Adding layers to ResNet18 gives RuntimeError error

Hello,

I have added a few layers to the resnet18 model but when I try to find the summary of the model using a dummy input, I am getting a RuntimeError.

Code:


import torch.nn as nn
import torch
from torchsummary import summary
import torchvision


class BasicBlock2(nn.Module):

    def __init__(self, in_channels, out_channels, stride=(1, 1), dilation=(1, 1), downsample=None):
        super(BasicBlock2, self).__init__()
        self.conv1 = nn.Conv2d(in_channels=in_channels,
                               out_channels=out_channels,
                               kernel_size=(5, 5),
                               padding=(0, 0),
                               dilation=dilation,
                               stride=stride)
        self.batch_norm1 = nn.BatchNorm2d(out_channels)
        self.relu1 = nn.ReLU(inplace=True)

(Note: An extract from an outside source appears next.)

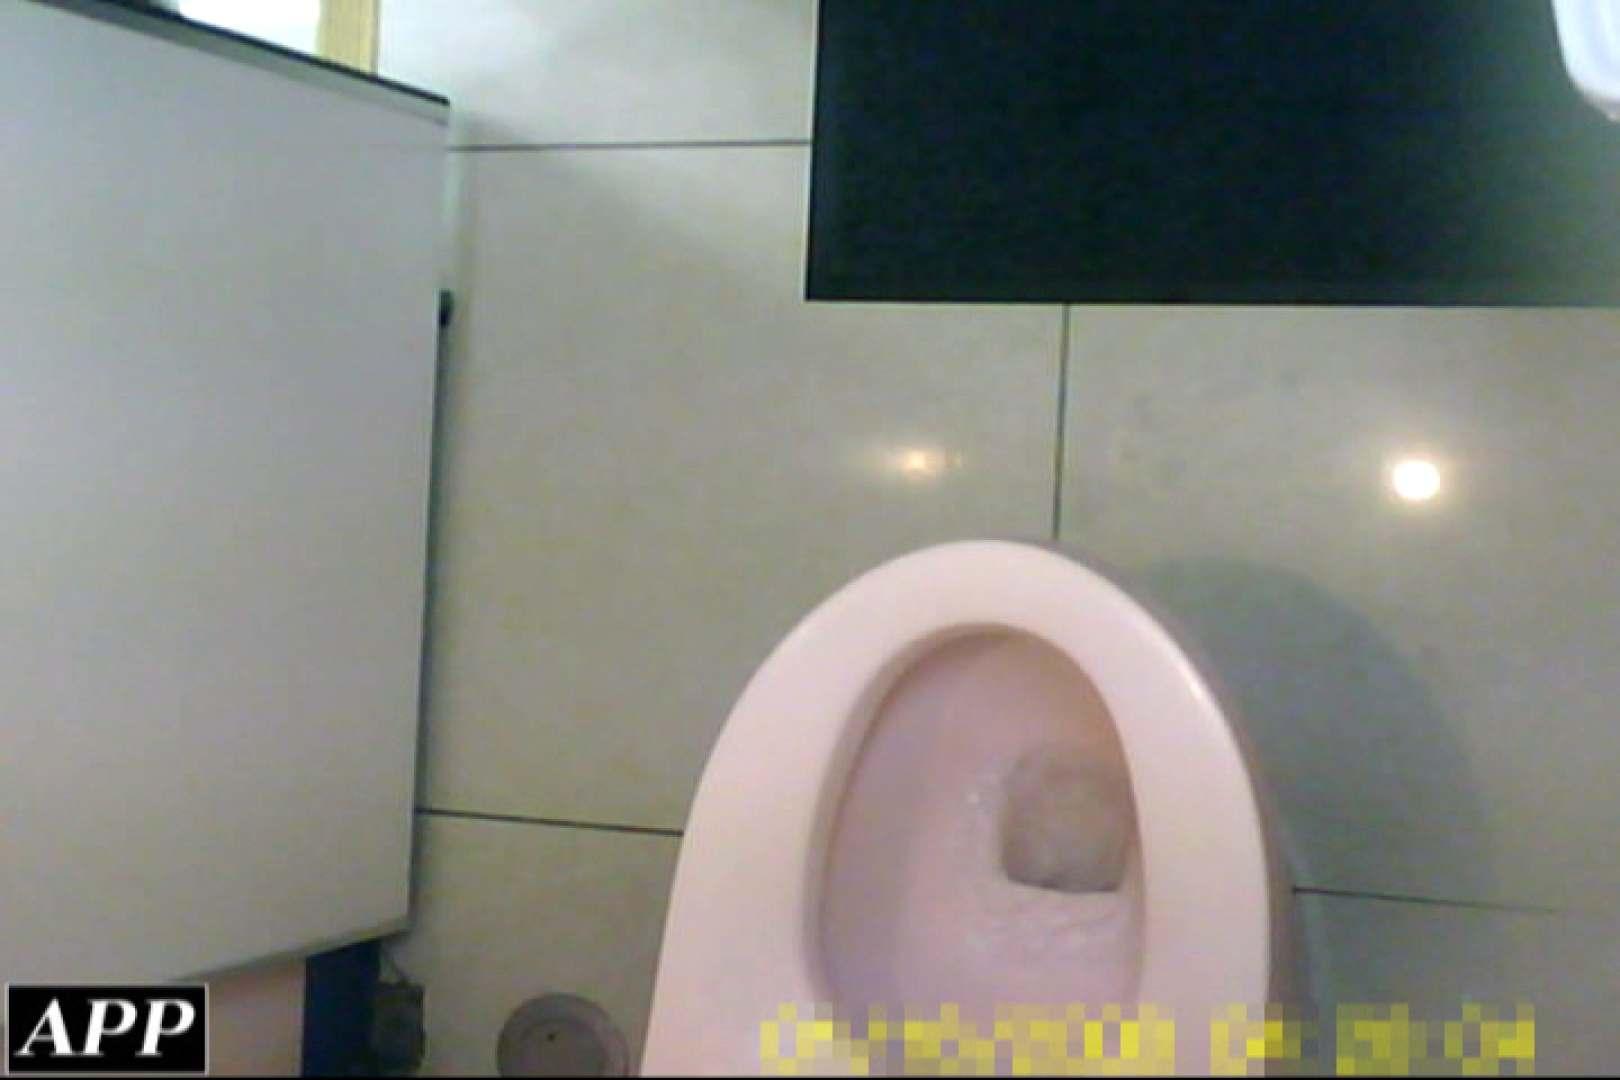 3視点洗面所 vol.79 OLハメ撮り  89Pix 80

        self.conv2 = nn.Conv2d(in_channels=in_channels,
                               out_channels=out_channels,
                               kernel_size=(3, 3),
                               padding=(1, 1),
                               dilation=dilation,
                               stride=stride)
        self.batch_norm2 = nn.BatchNorm2d(out_channels)
        self.relu2 = nn.ReLU(inplace=True)

    def forward(self, x):
        # The input shape of the first layer should be: [-1, 128, 64, 192]
        out = self.conv1(x)
        out = self.batch_norm1(out)
        out = self.relu1(out)

        # out = self.conv2(out)
        # out = self.batch_norm2(out)
        # out = self.relu2(out)
        # The output shape of the first layer should be: [-1, 128, 44, 172]
        return out


class BasicBlock3(nn.Module):

    def __init__(self, in_channels, out_channels, stride=(1, 1), dilation=(1, 1), downsample=None):
        super(BasicBlock3, self).__init__()
        self.conv1 = nn.Conv2d(in_channels=in_channels,
                               out_channels=out_channels,
                               kernel_size=(7, 7),
                               padding=(3, 0),
                               dilation=dilation,
                               stride=stride)
        self.batch_norm1 = nn.BatchNorm2d(out_channels)
        self.relu1 = nn.ReLU(inplace=True)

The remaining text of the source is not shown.